• _Given data_:
--------

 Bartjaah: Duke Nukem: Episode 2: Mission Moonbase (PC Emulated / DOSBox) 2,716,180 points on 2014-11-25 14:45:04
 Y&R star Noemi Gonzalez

--------

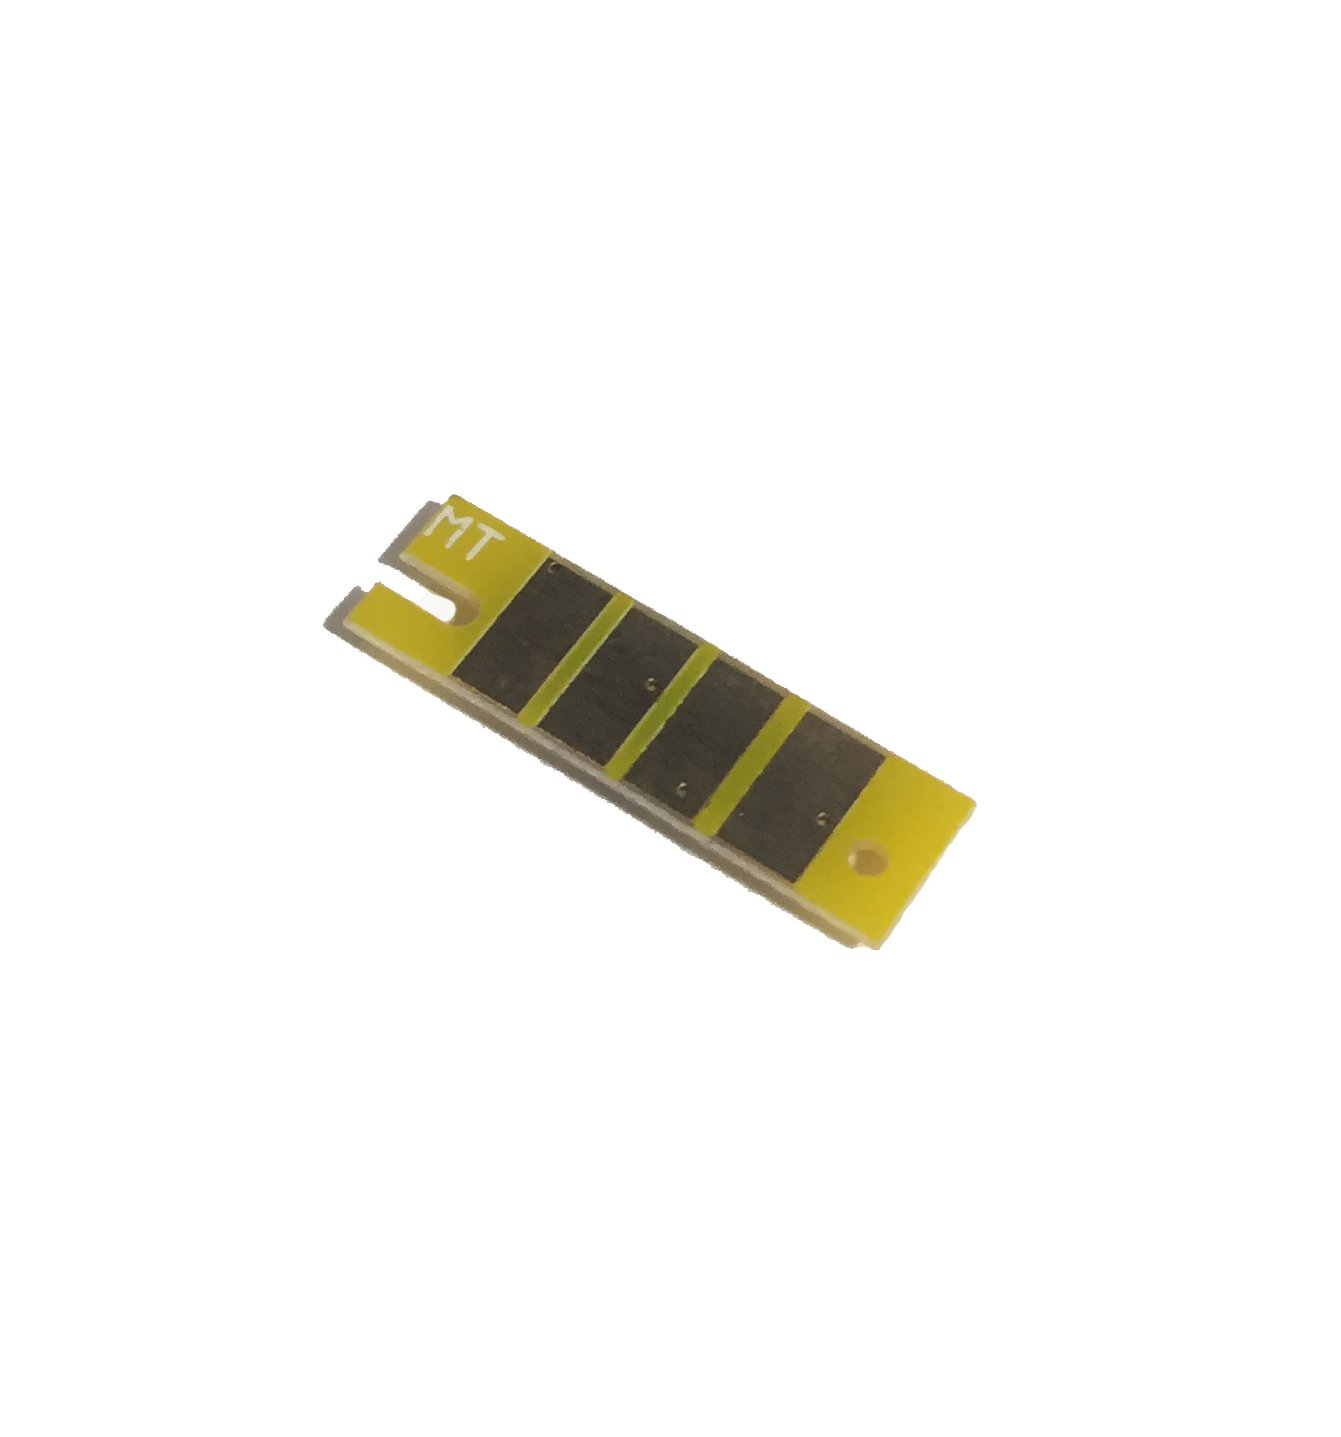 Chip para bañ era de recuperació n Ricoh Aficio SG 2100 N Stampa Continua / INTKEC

--------

• _Aim of the task_:
Every line above from the line with "Bartjaah: Duke Nukem: Episode" to the line with "Y&R star Noemi Gonzalez" is wanted, ends included; write them out exactly and add no other line.

• _Response below_:
 Bartjaah: Duke Nukem: Episode 2: Mission Moonbase (PC Emulated / DOSBox) 2,716,180 points on 2014-11-25 14:45:04
 Y&R star Noemi Gonzalez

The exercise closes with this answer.